#### Data extract

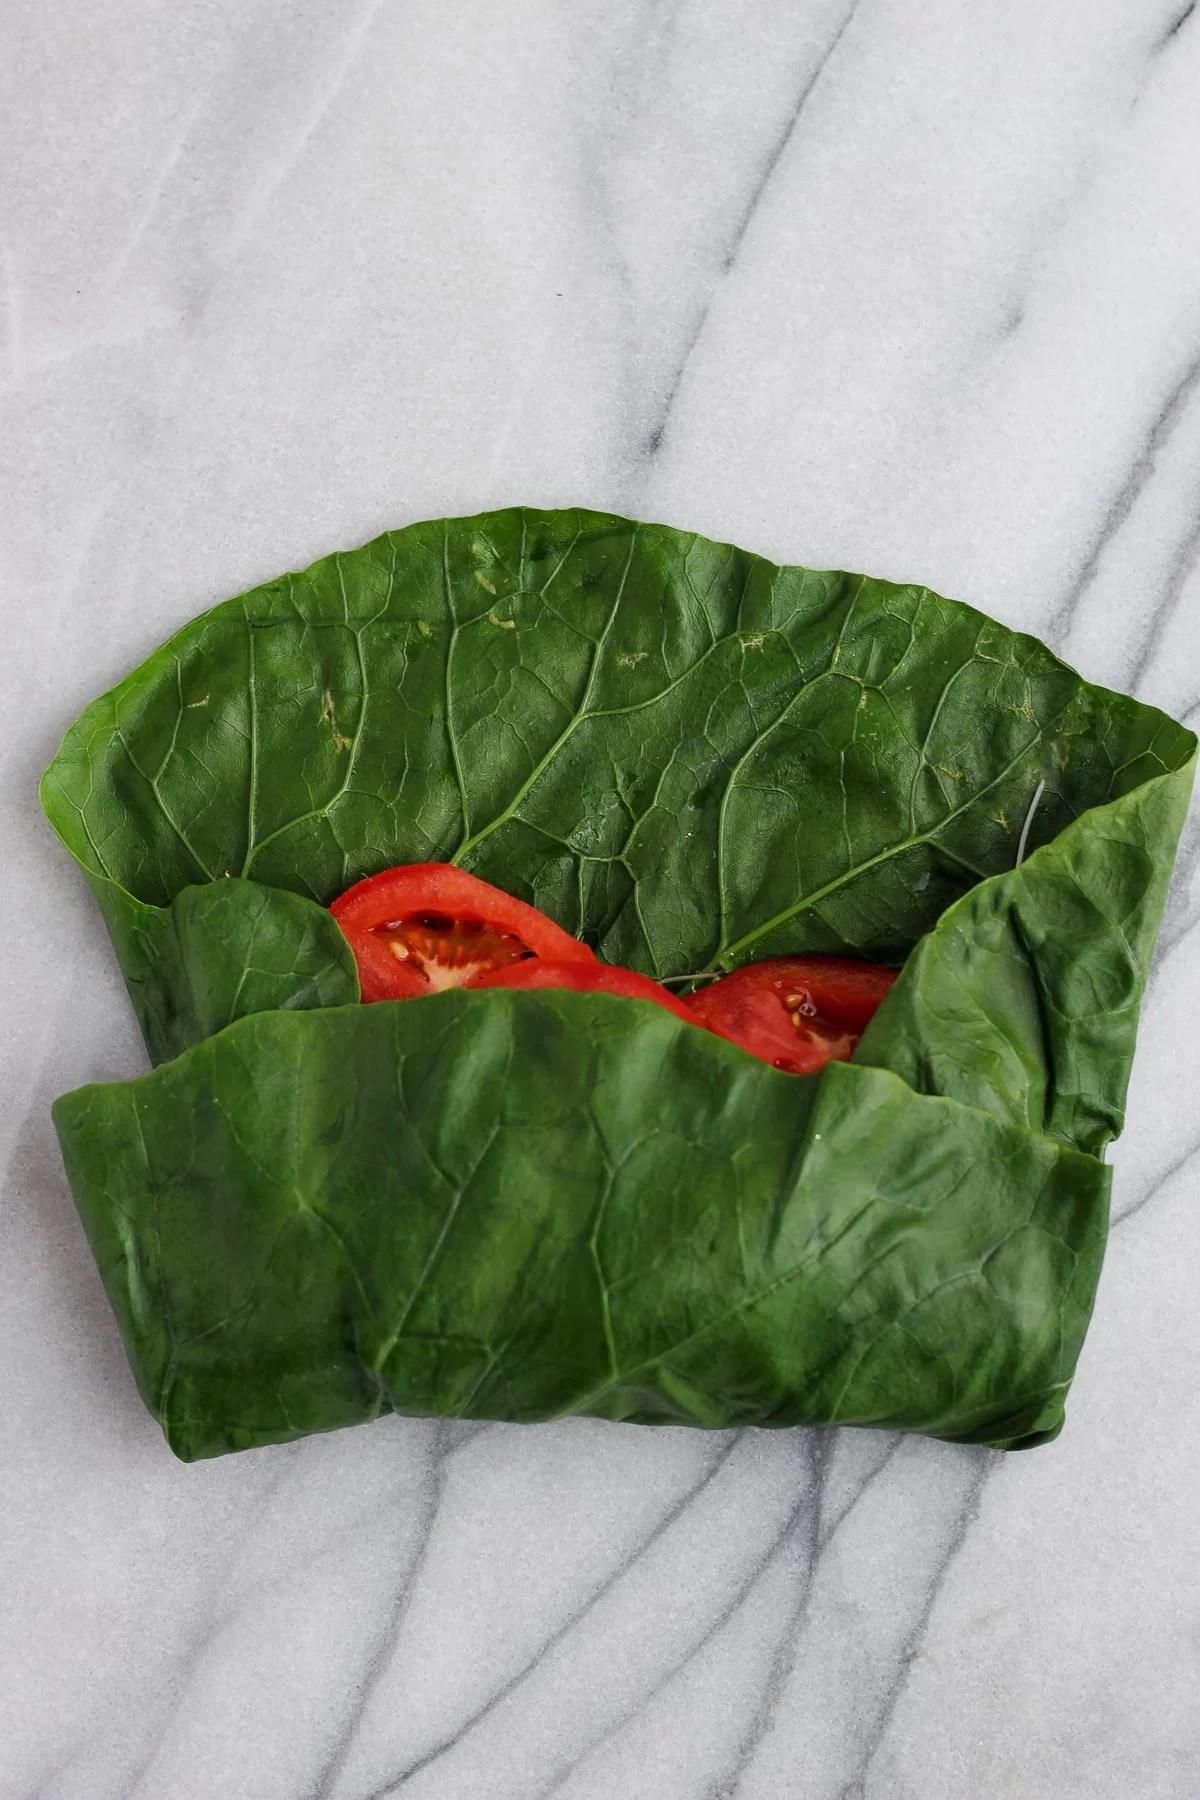 How to Prep Collard Green Wraps - a step by step tutorial! #collardgreenwrap
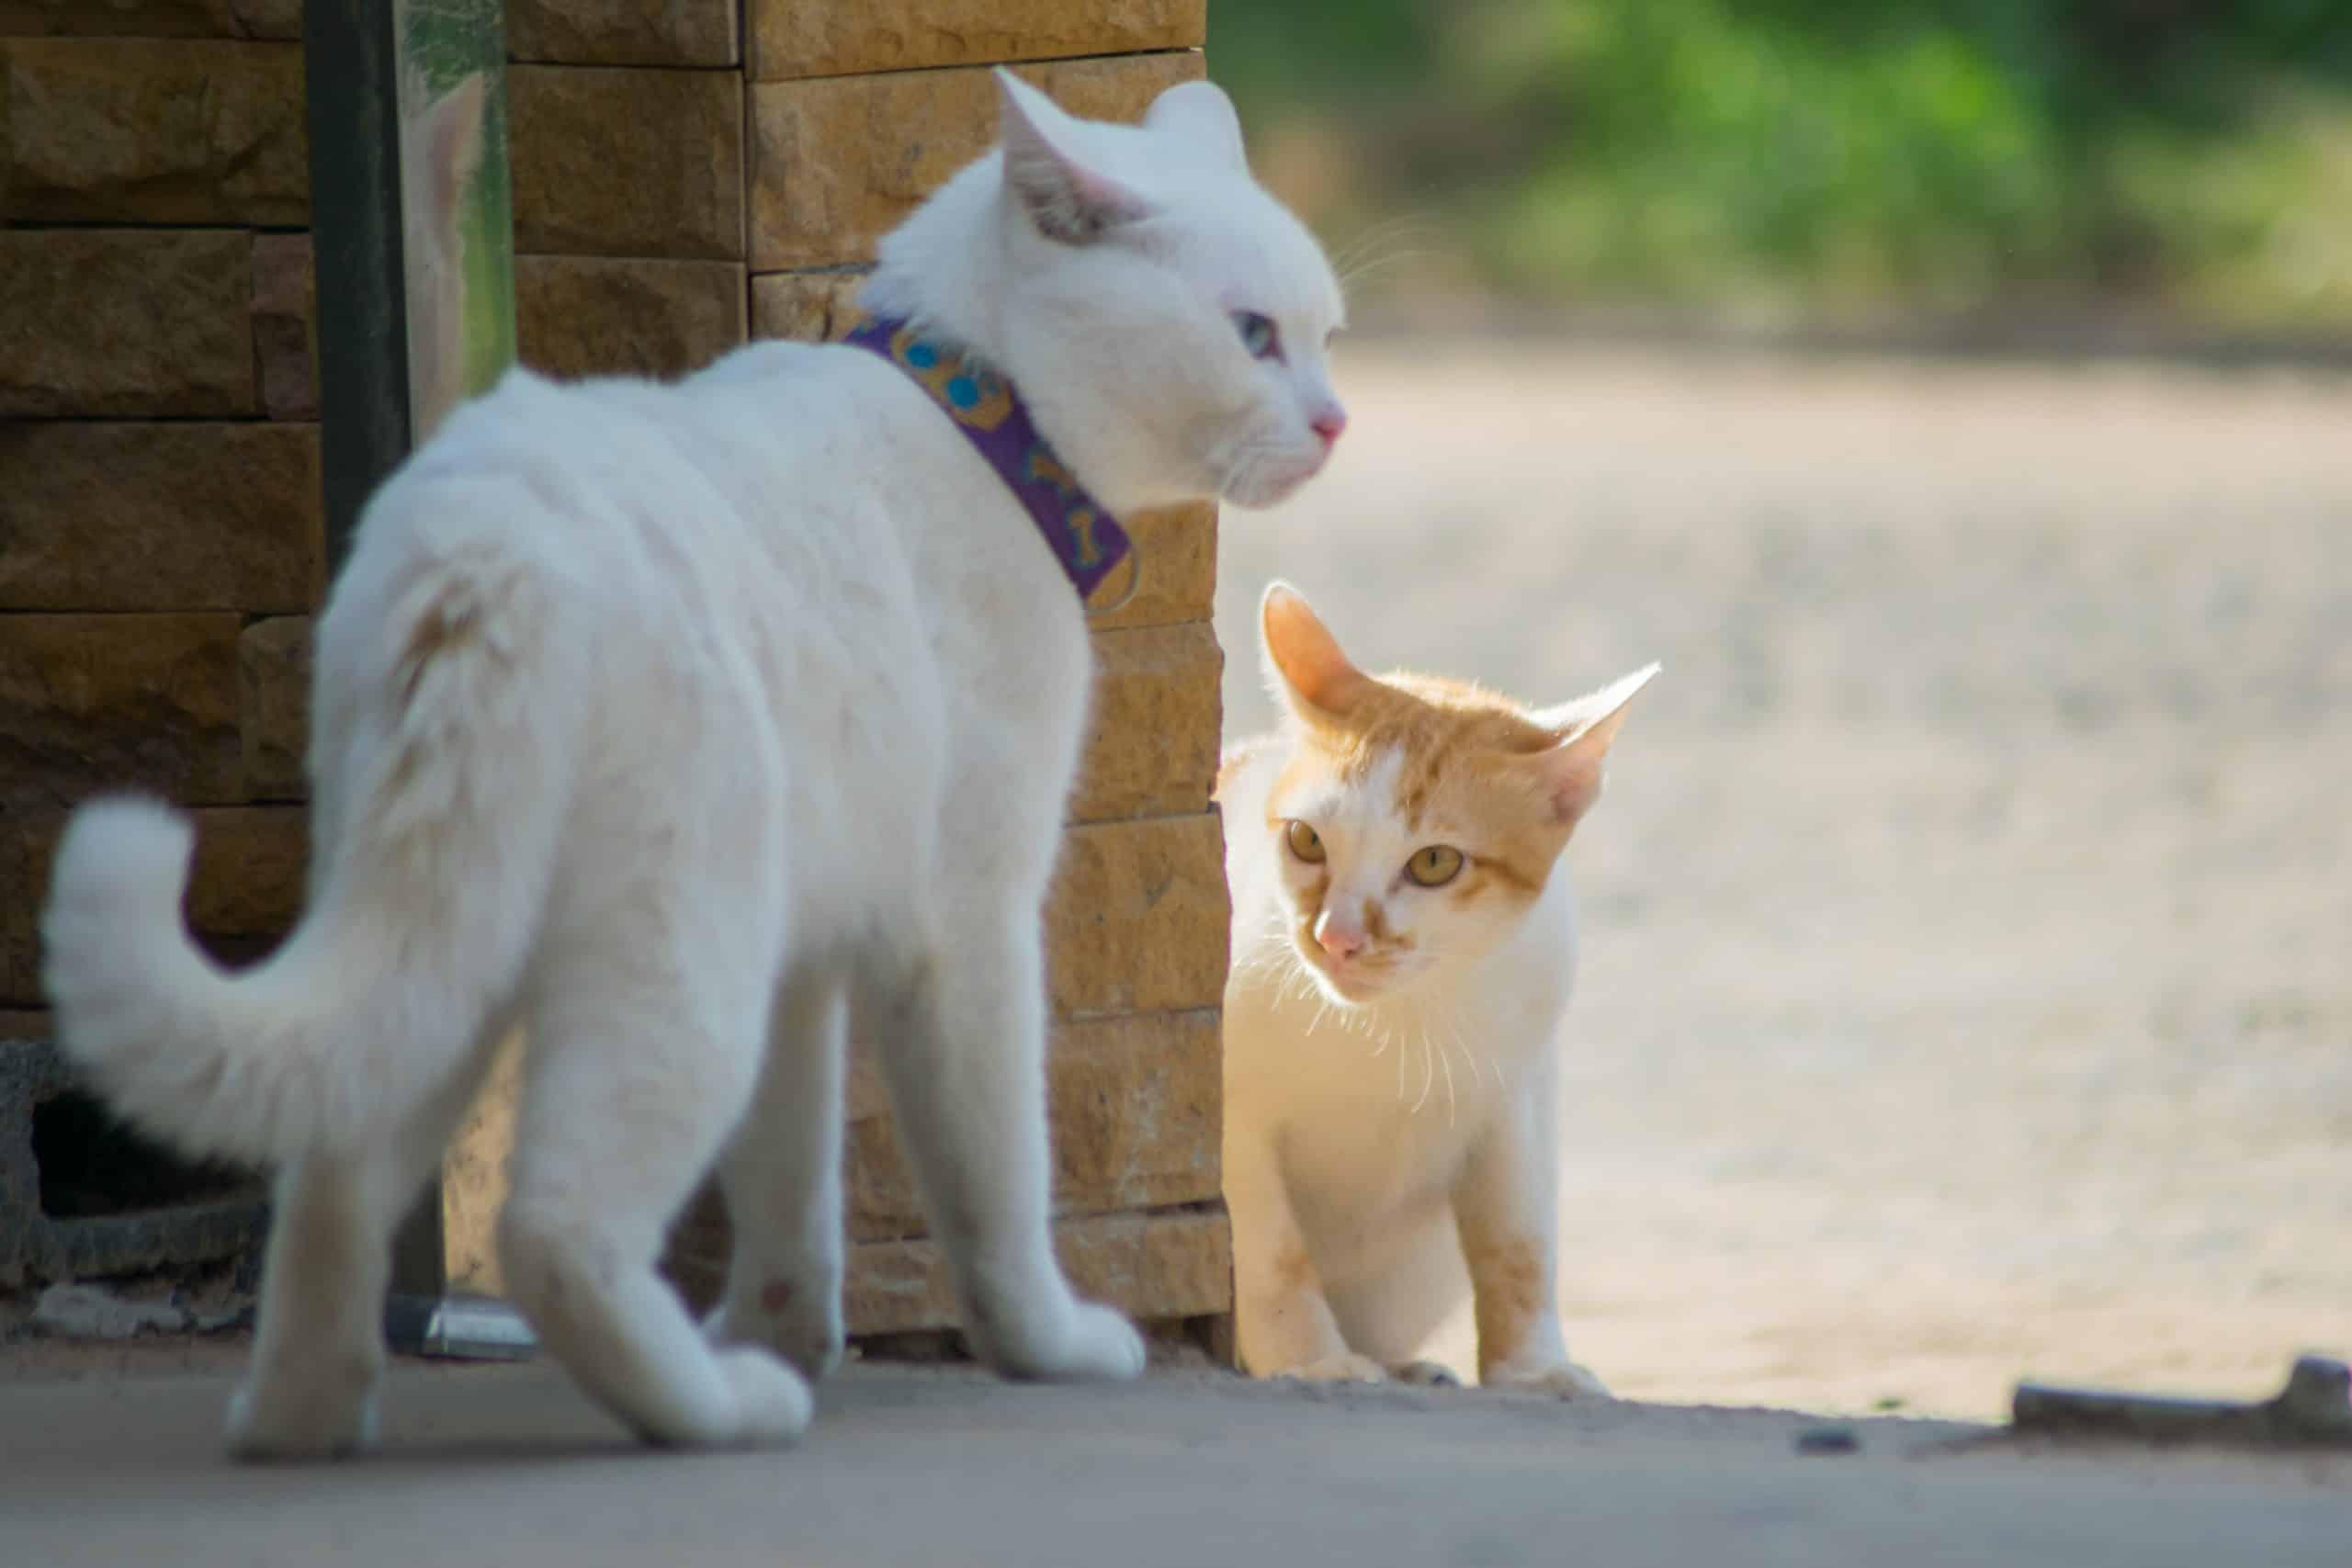 cats make eye contact
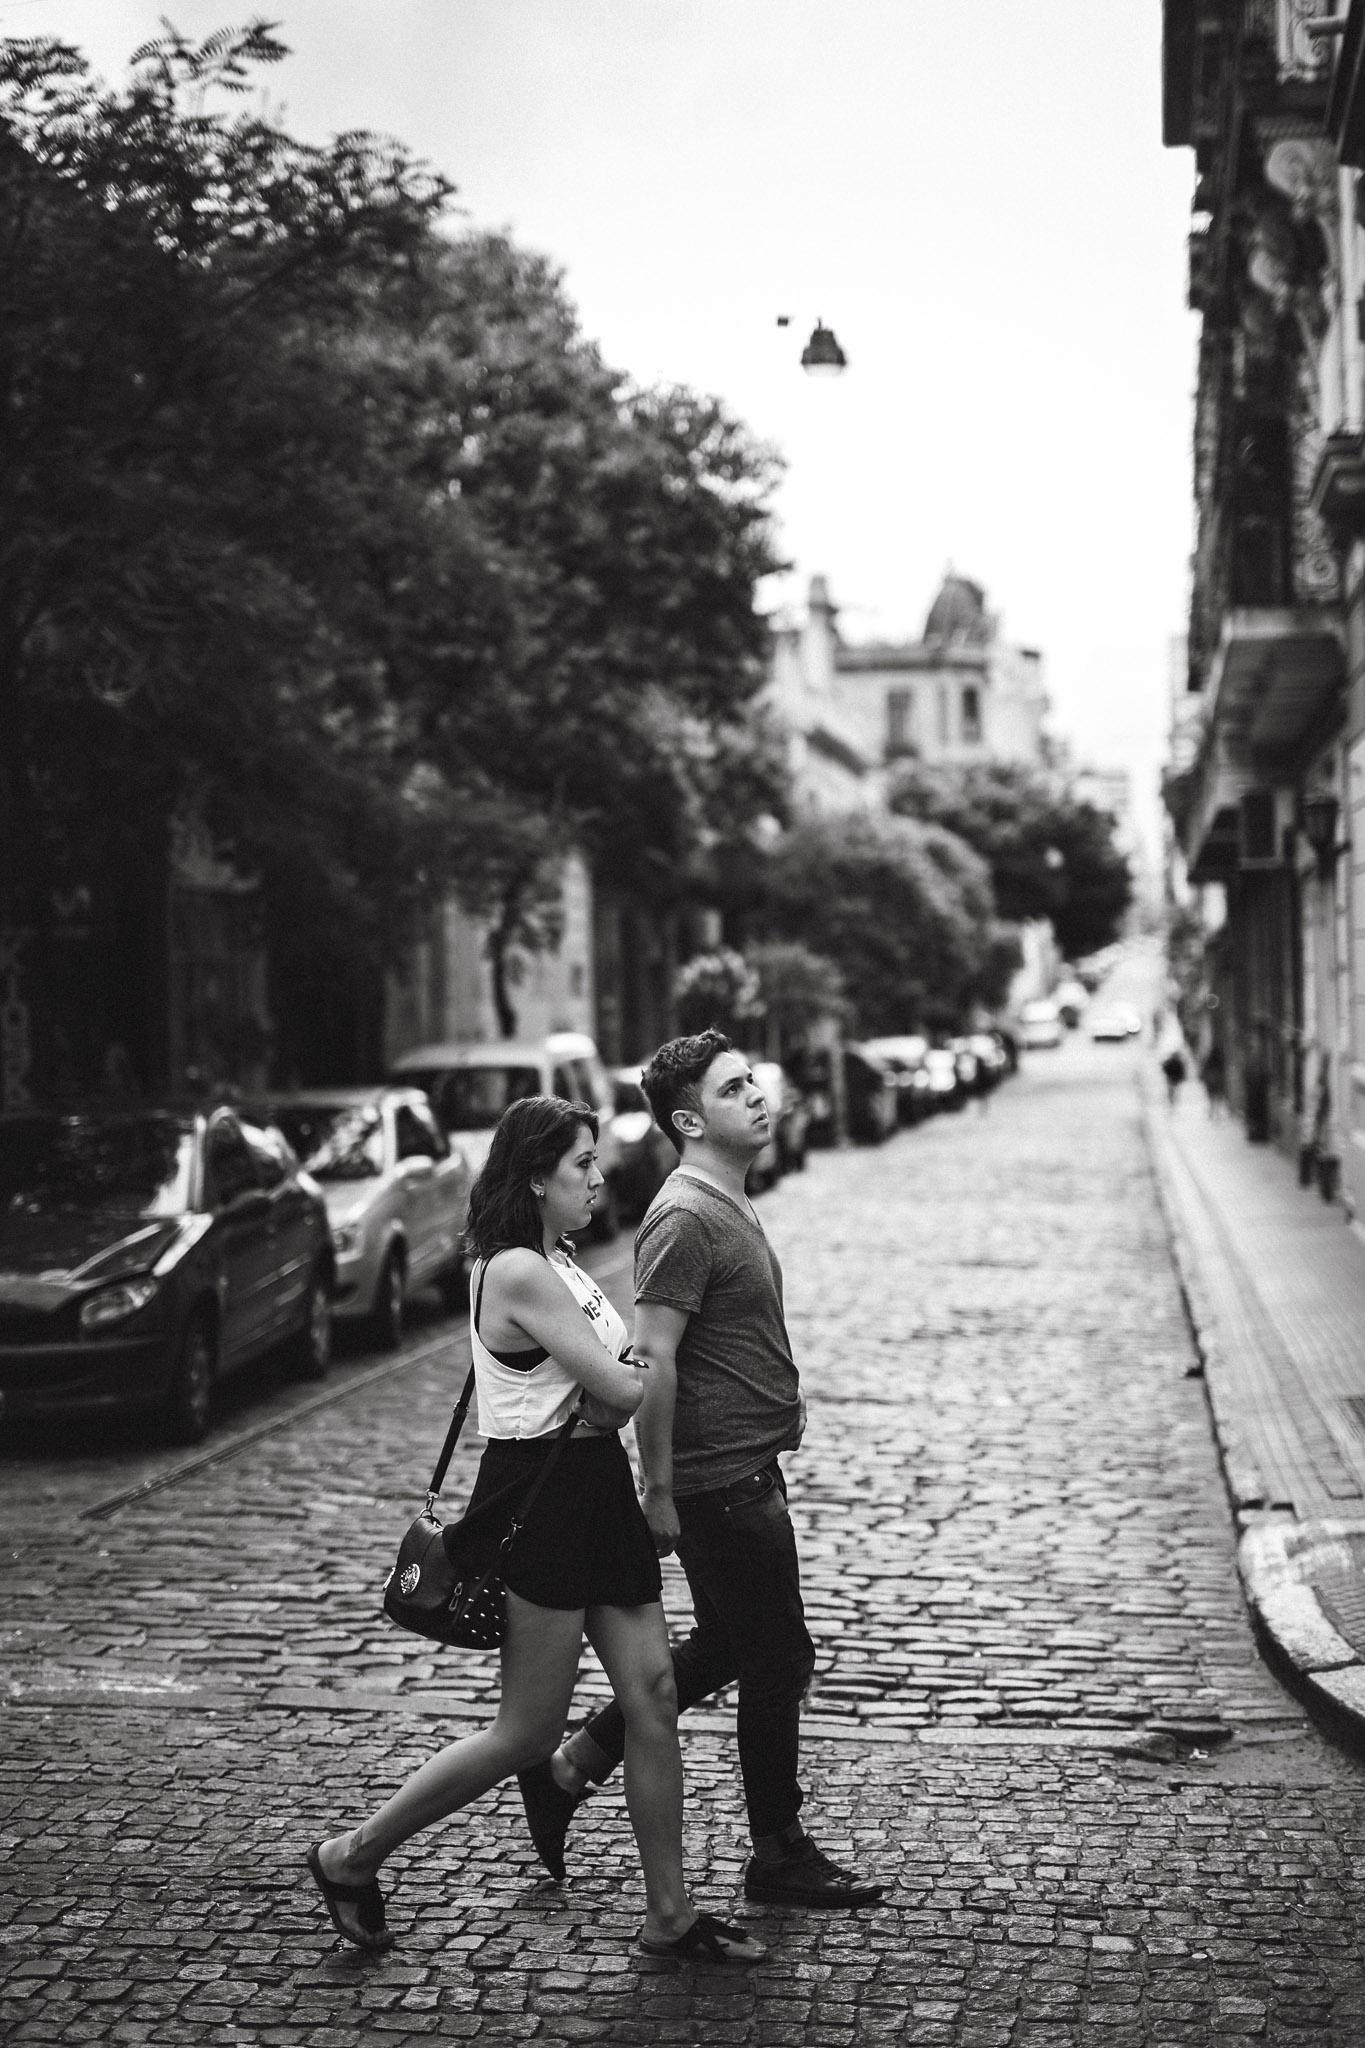 wedding-travellers-argentina-buenos-aires-san-telmo

########

- Action item -
The job is to return the listing above exactly, minus its pictures.

- Response to the task -
 How to Prep Collard Green Wraps - a step by step tutorial! #collardgreenwrap
 cats make eye contact
 wedding-travellers-argentina-buenos-aires-san-telmo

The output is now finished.